The rationale for this is that the IRB will provide the protection,
while greater use is necessary for legitimate purposes.
This will be discussed more
below, but encrypted PHI is still PHI.
It is still subject to the same rules, even though it’s encrypted (the
benefits of encryption really relate to breaches and other Security Rule
requirements). And also discussed below,
“electronic PHI” is a component of PHI, which matters for Security Rule
compliance.
If it’s a fragment of
information that came from PHI, it continues to be PHI, if it still meets the 2
prongs. In other words, something as
simple as name and address, in correlation with the name of a healthcare
provider, is PHI. A HIPAA covered entity
can’t use the mailing addresses of its patients for a non-permitted purpose
(for example, to send out advertisements for entirely unrelated businesses),
even if uses no other information that what is generally publicly available in
the phone book or voter rolls; the fact that it came from PHI means it remains
PHI, unless it is specifically “de-identified” (thus losing the 2nd
prong of the definition of PHI).
HIPAA allows covered entities
to “de-identify” PHI by stripping away identifiability. Keep in mind that health information must be “identifiable”
to be PHI, and the definition of “identifiable” is somewhat malleable;
likewise, it might be hard to tell if the PHI has truly been
de-identified. For that reason, HIPAA
provides 2 “safe harbors” for de-identification: one allows a covered entity to
employ a de-identification expert to certify that “the risk is very small that
the information could be used, alone or in combination with other reasonably
available information, by an anticipated recipient to identify an individual
who is a subject of the information.”
Hiring experts can be costly, so the second safe harbor allows the
covered entity to simply remove 18 specific identifiers, such as names,
addresses more specific than the 1st 3 digits of a zip code, dates
other than years, identifying numbers, etc., with the resulting data being, by
definition, not PHI.
As you can see, the definition
of “identifiability” is amorphous, but the definition of de-identification is
specific.

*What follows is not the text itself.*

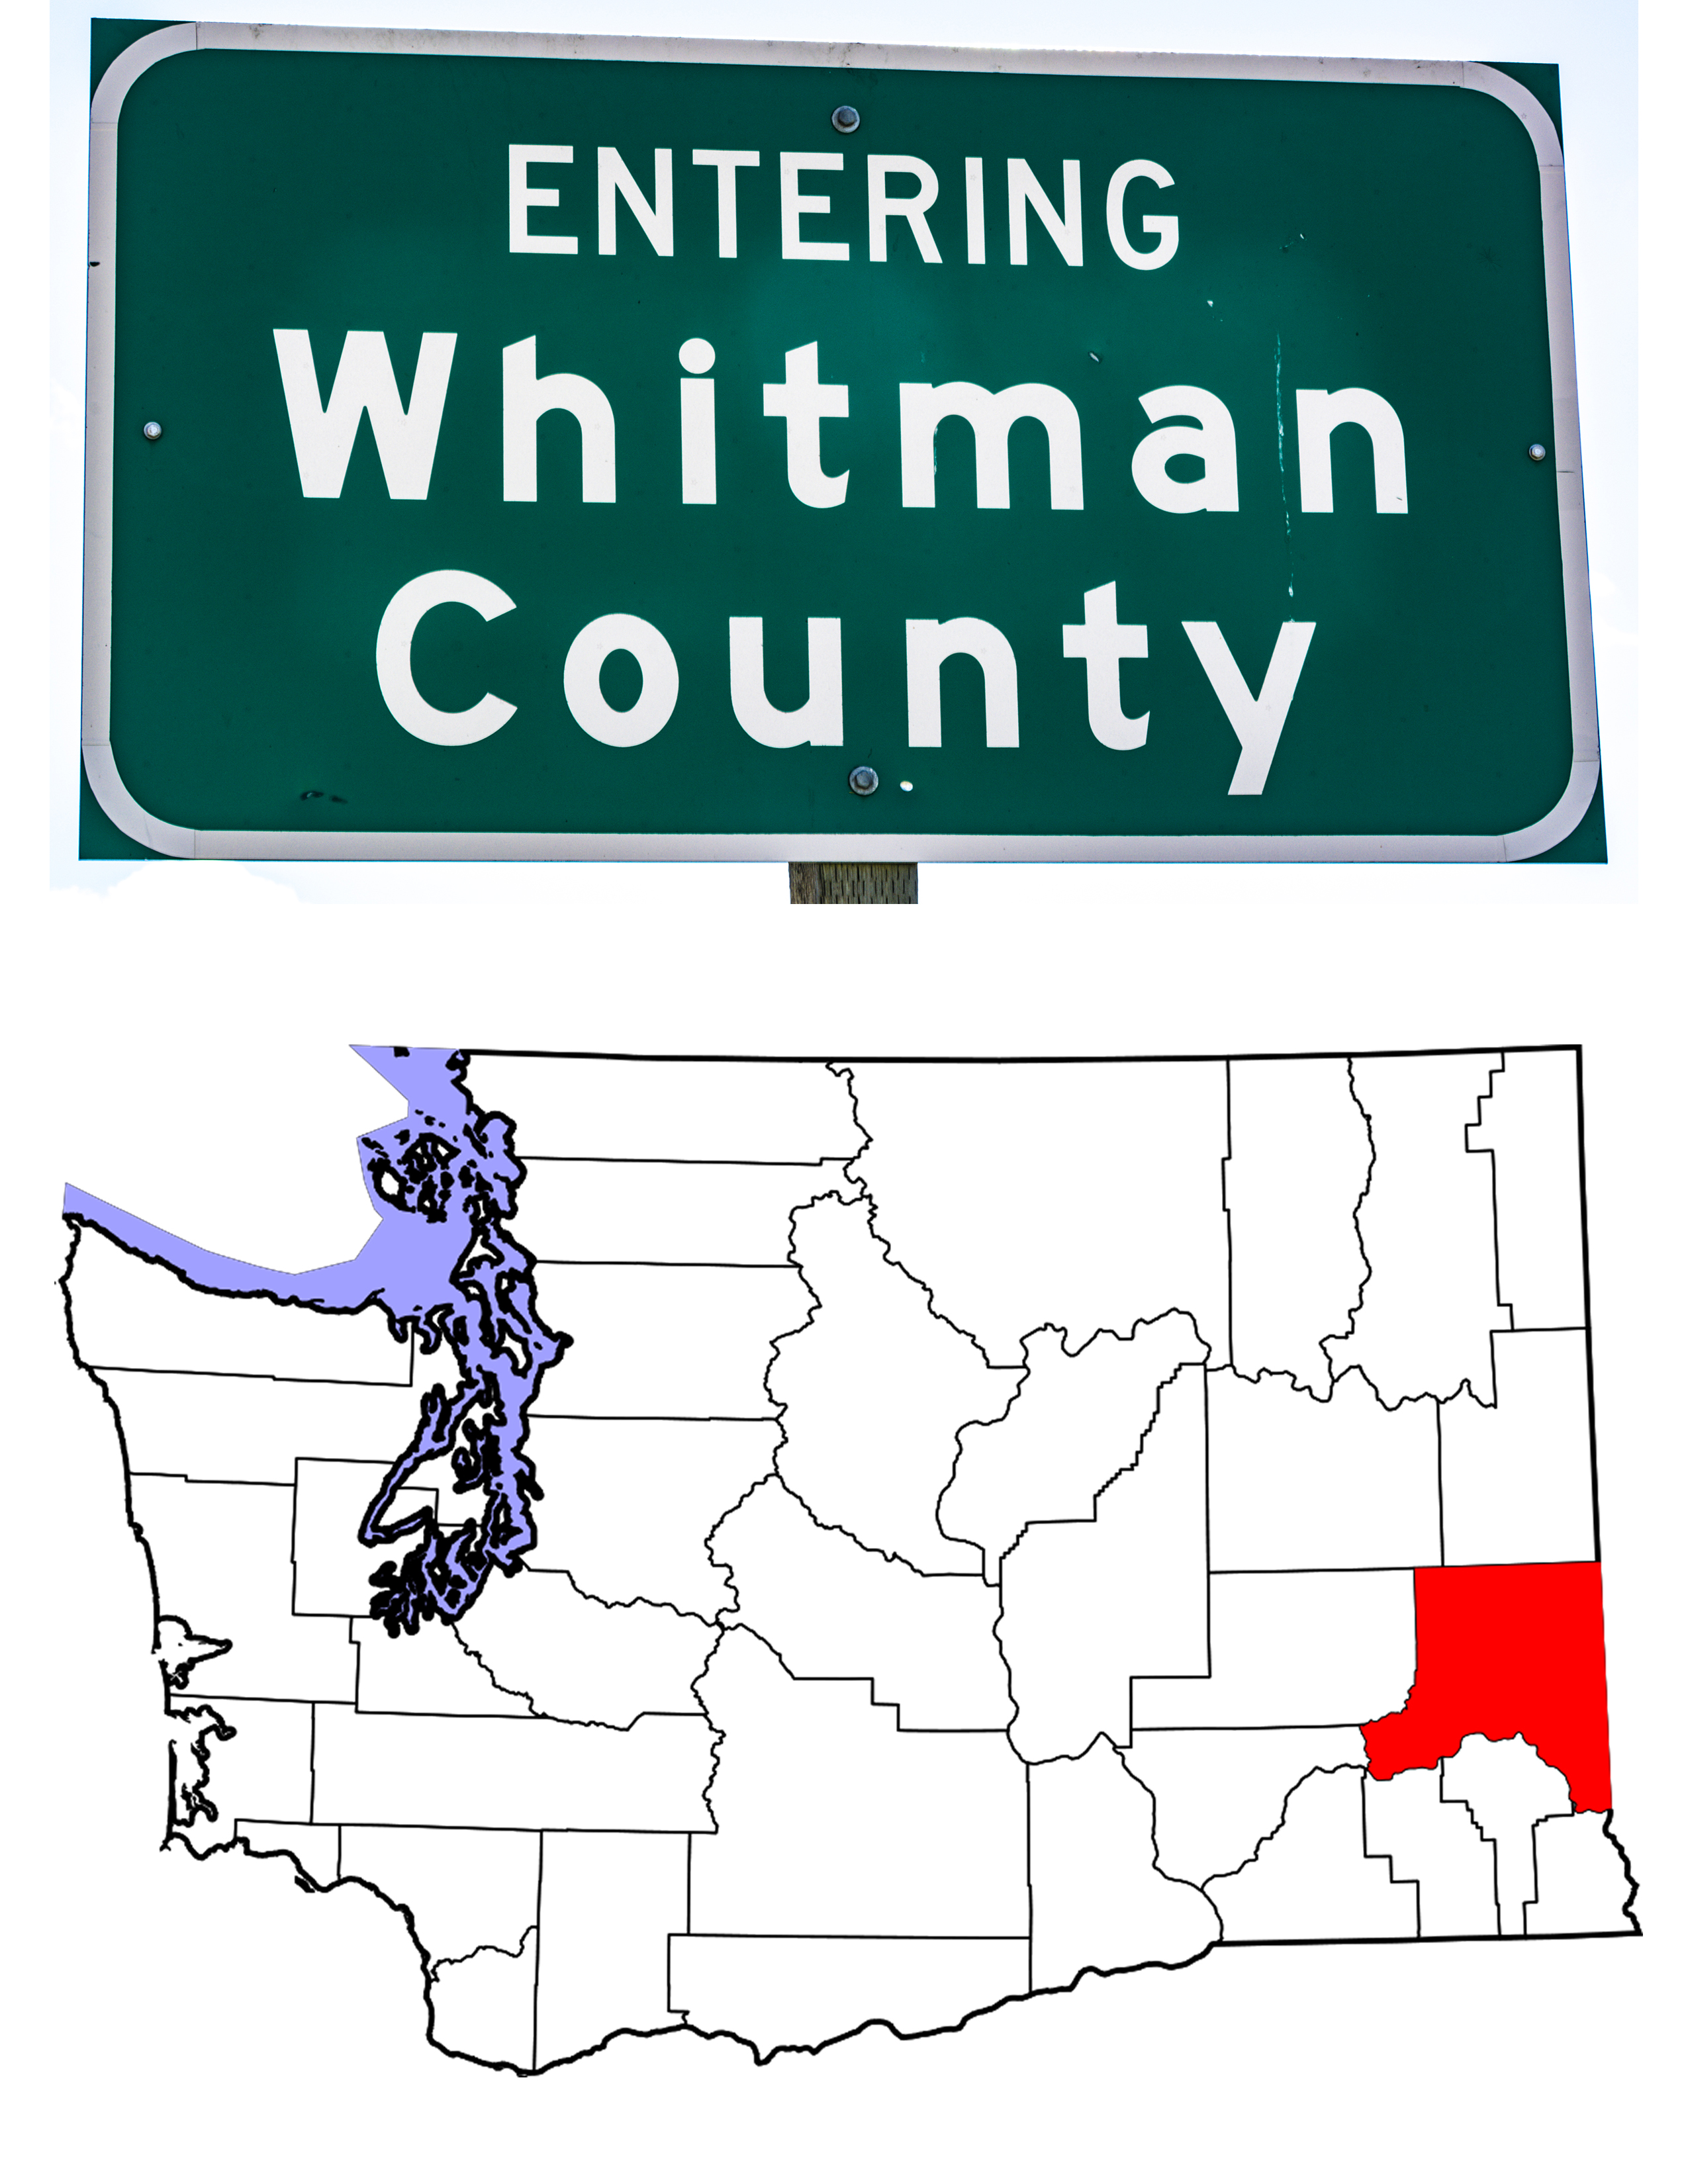 Whitman County

This raises a conundrum: many
people use the definition of “de-identified” to form an analog definition of “identified:”
if it contains any of the 18 identifiers, it’s PHI, but if it doesn’t, it isn’t. That’s not exactly right – while you could
take the information and remove the 18 elements and thus meet the safe harbor,
the original information that didn’t contain any of the 18 elements might still
be PHI. Like the HIPAA police at Cowboys’
Stadium, this is a theoretical issue that will likely never be solved (or even
argued over), so I’ll leave it there.